*INPUT DATA:*

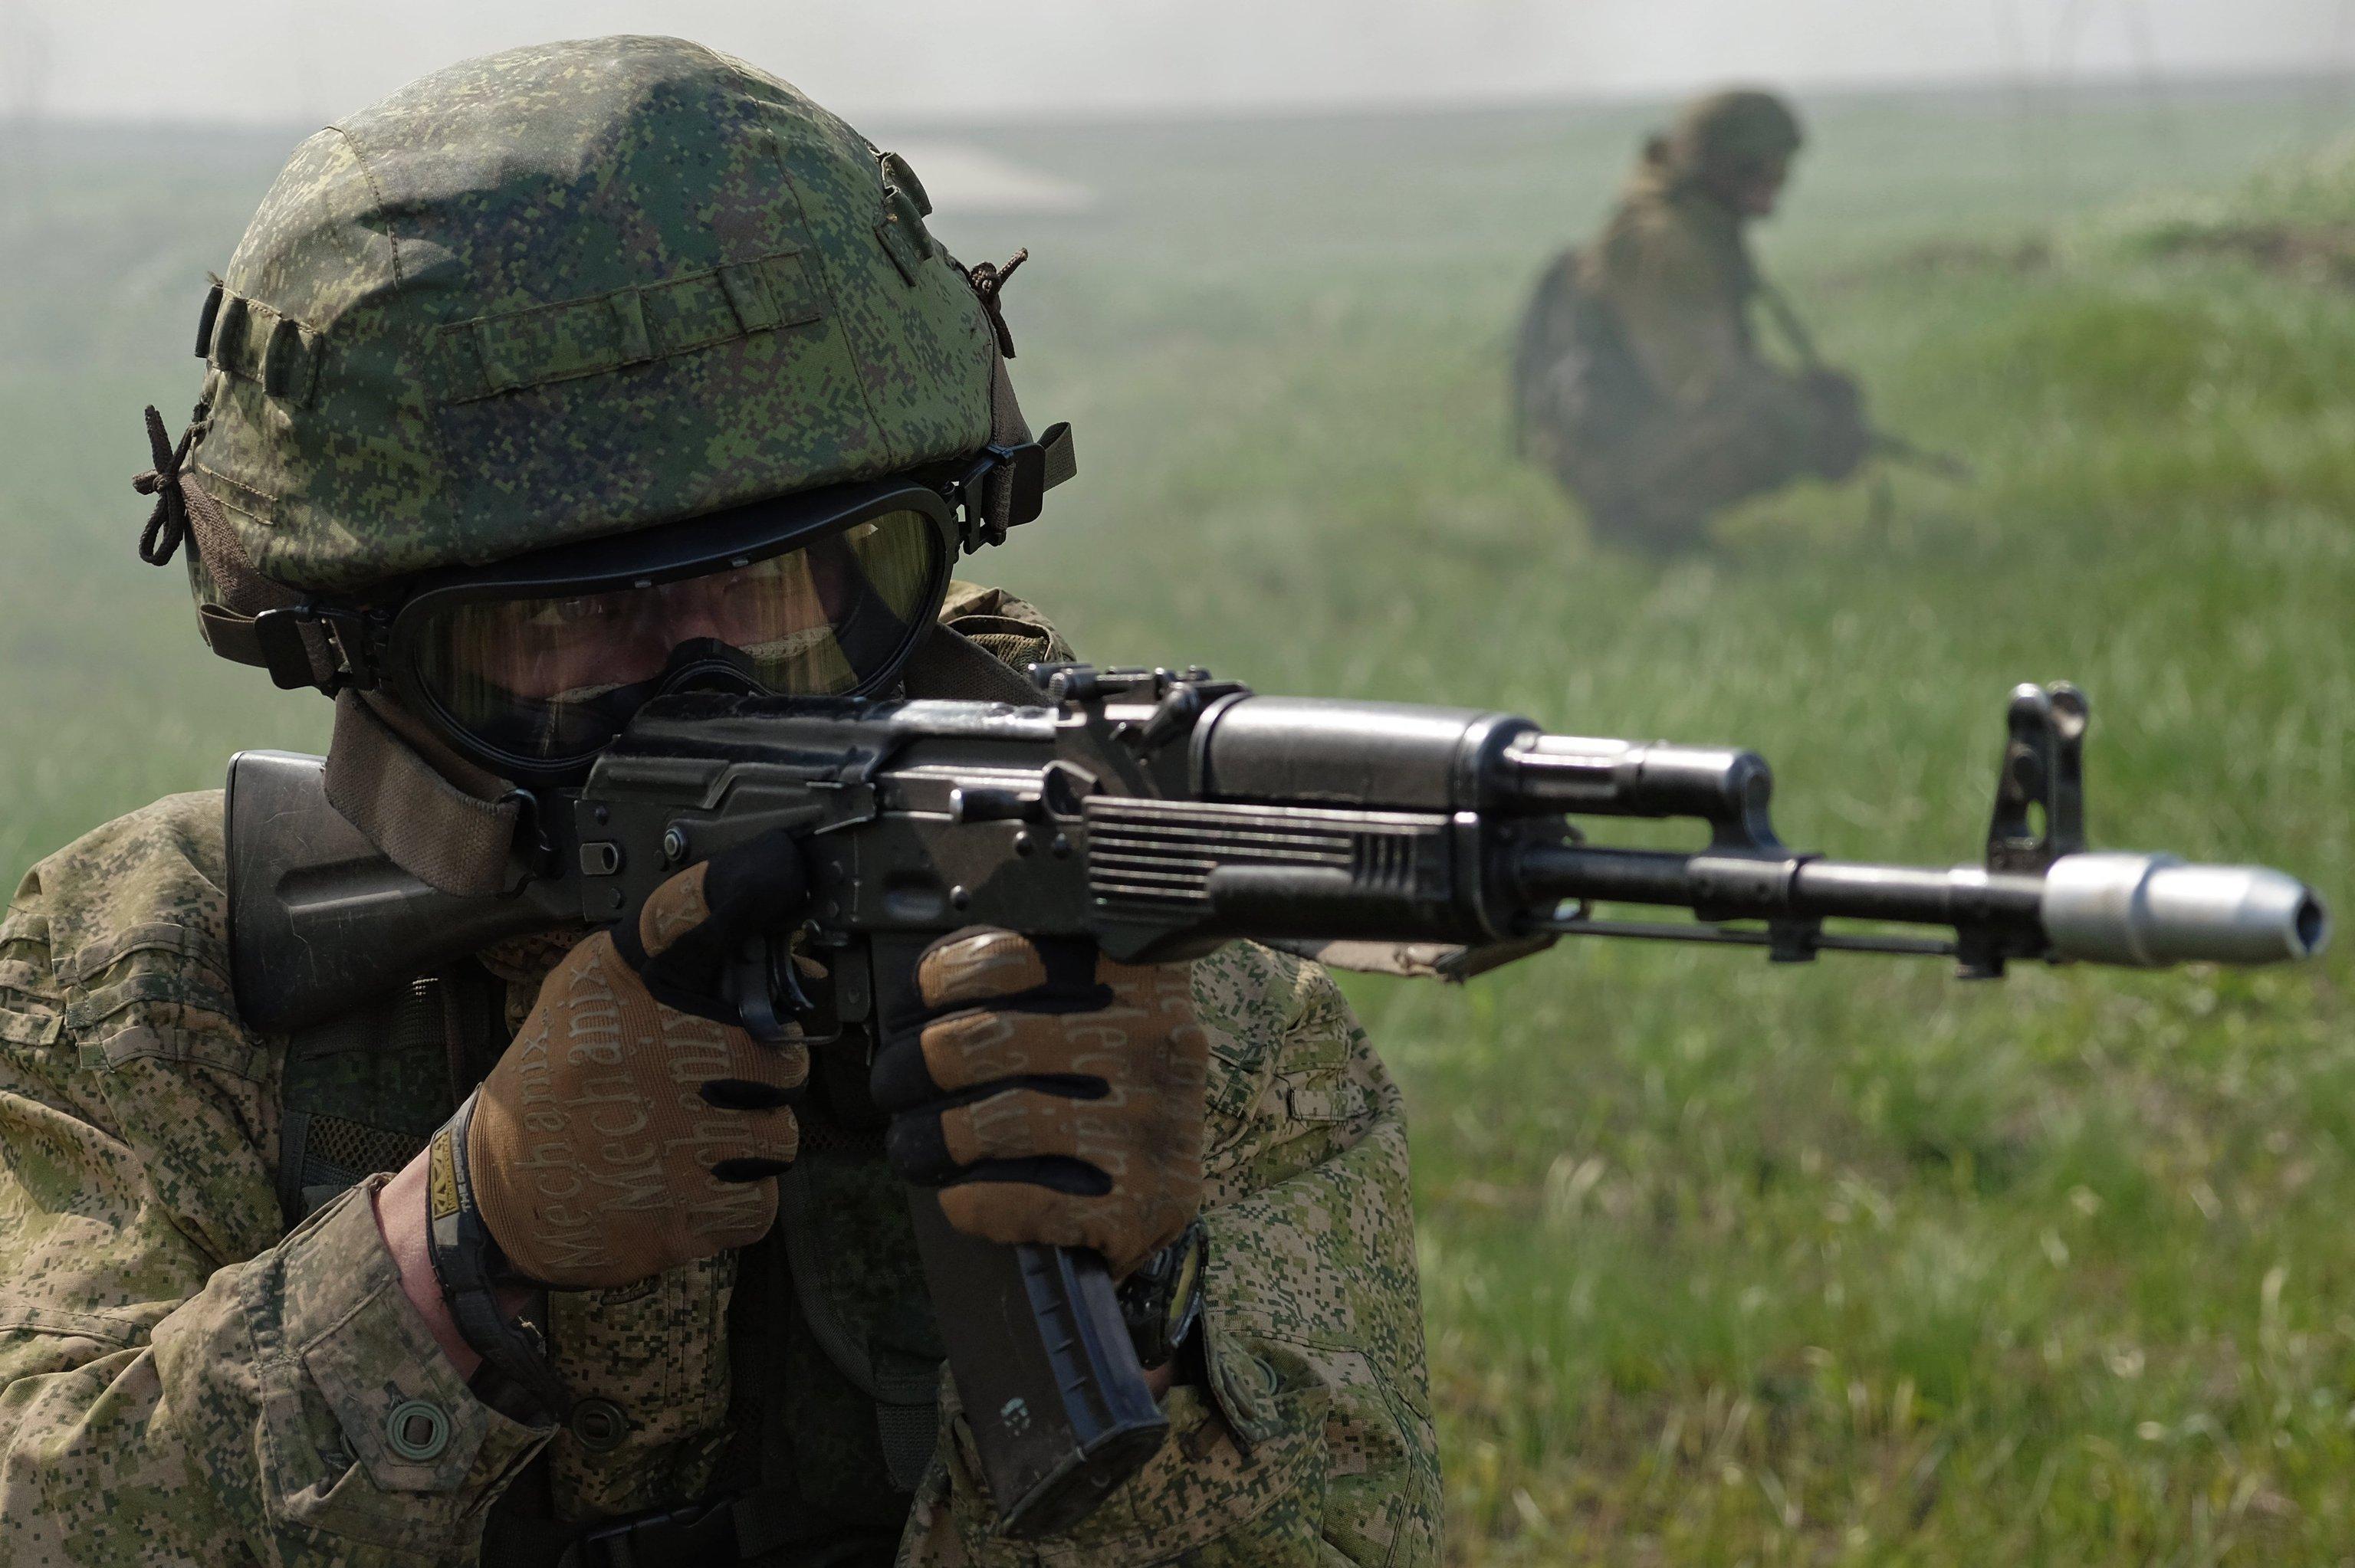 Un militar de la división especial durante las pruebas en la base del Centro de formación de la Tercera brigada de las Fuerzas Especiales
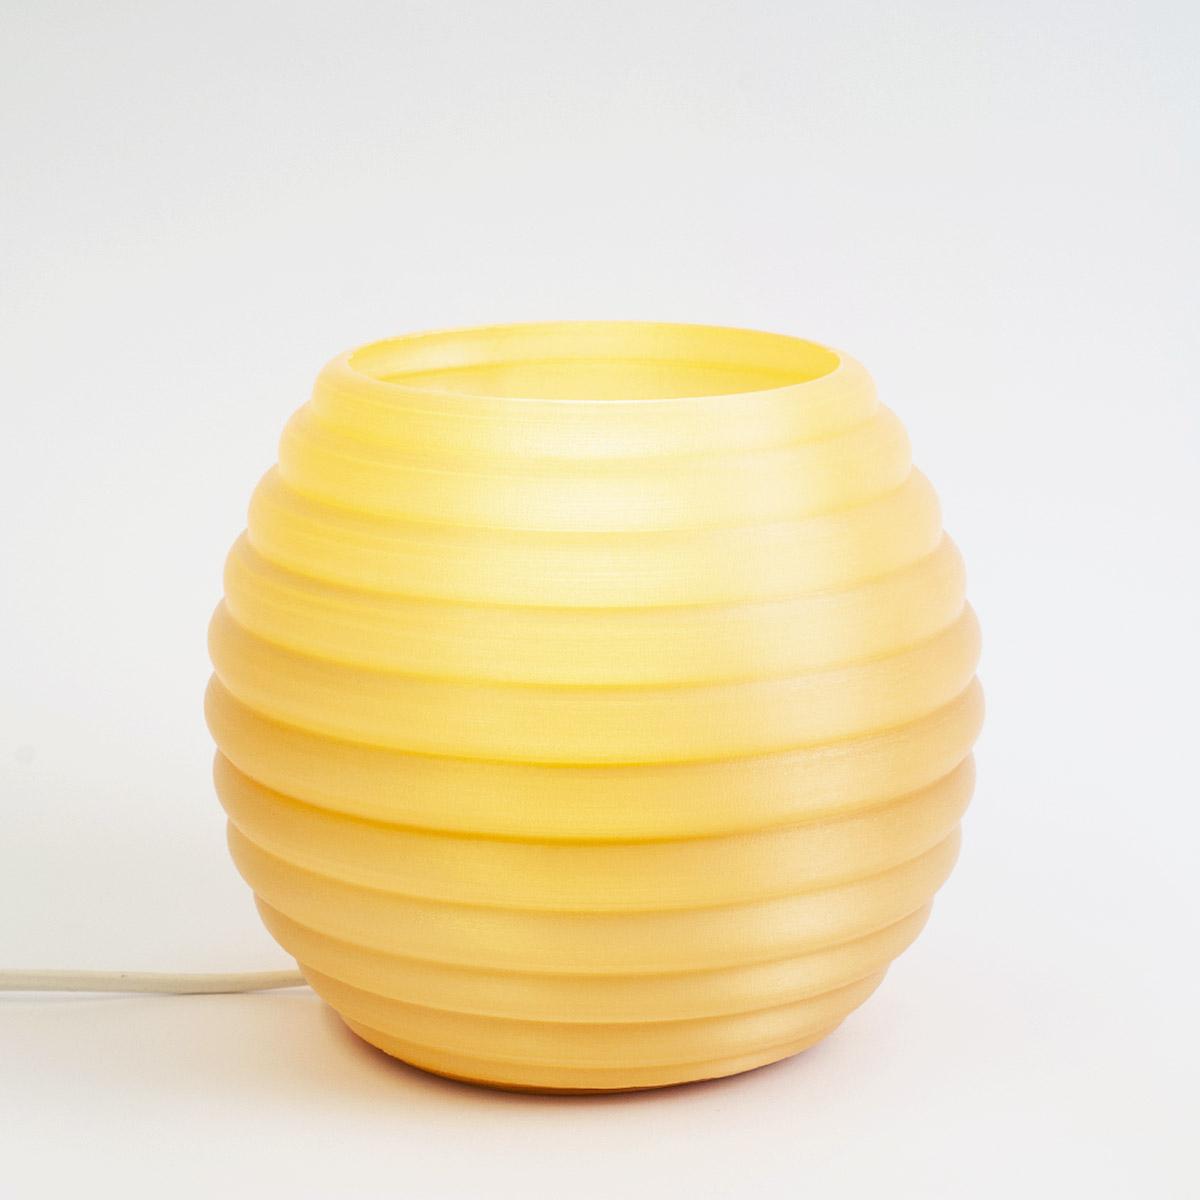 Honey_Lamp_01_02
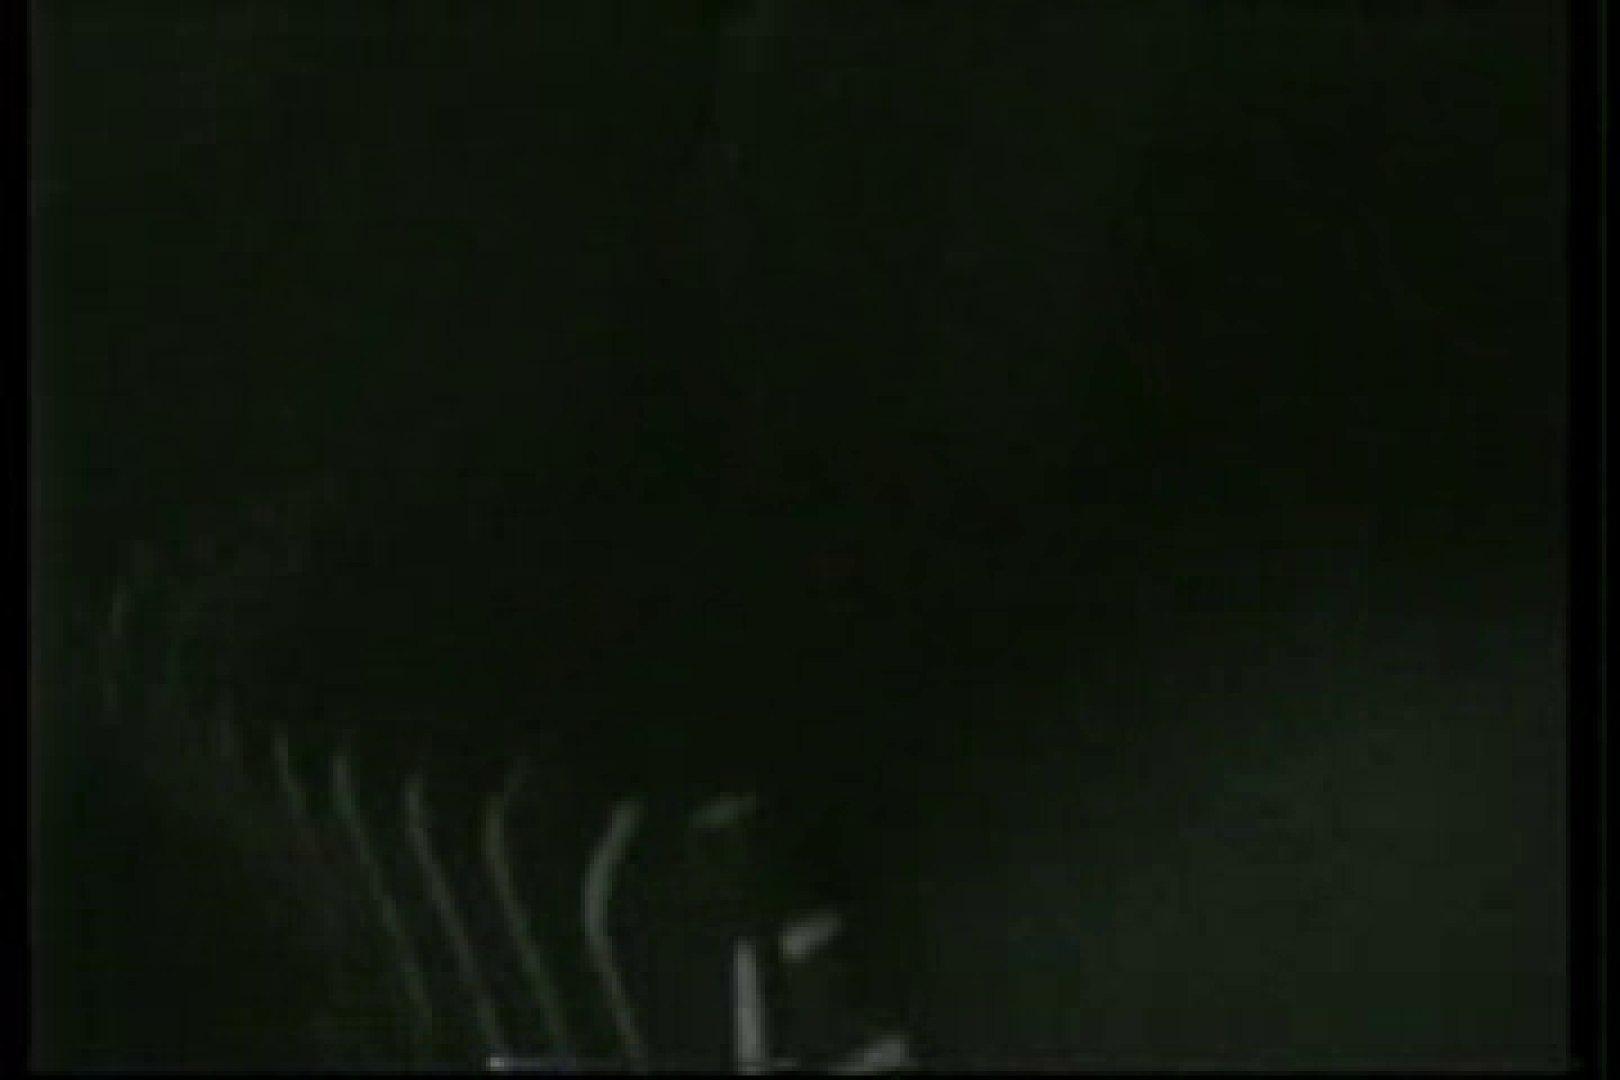 【実録個人撮影】男の子達の禁断の愛欲性活!!vol.02(対女性アナル責め) 対女性 ゲイ丸見え画像 105枚 65

*REQUIRED WORK:* Would you write out all of the data exactly as it stands, without the pictures?

*ANSWER SPACE:*
 Un militar de la división especial durante las pruebas en la base del Centro de formación de la Tercera brigada de las Fuerzas Especiales
 Honey_Lamp_01_02
 【実録個人撮影】男の子達の禁断の愛欲性活!!vol.02(対女性アナル責め) 対女性 ゲイ丸見え画像 105枚 65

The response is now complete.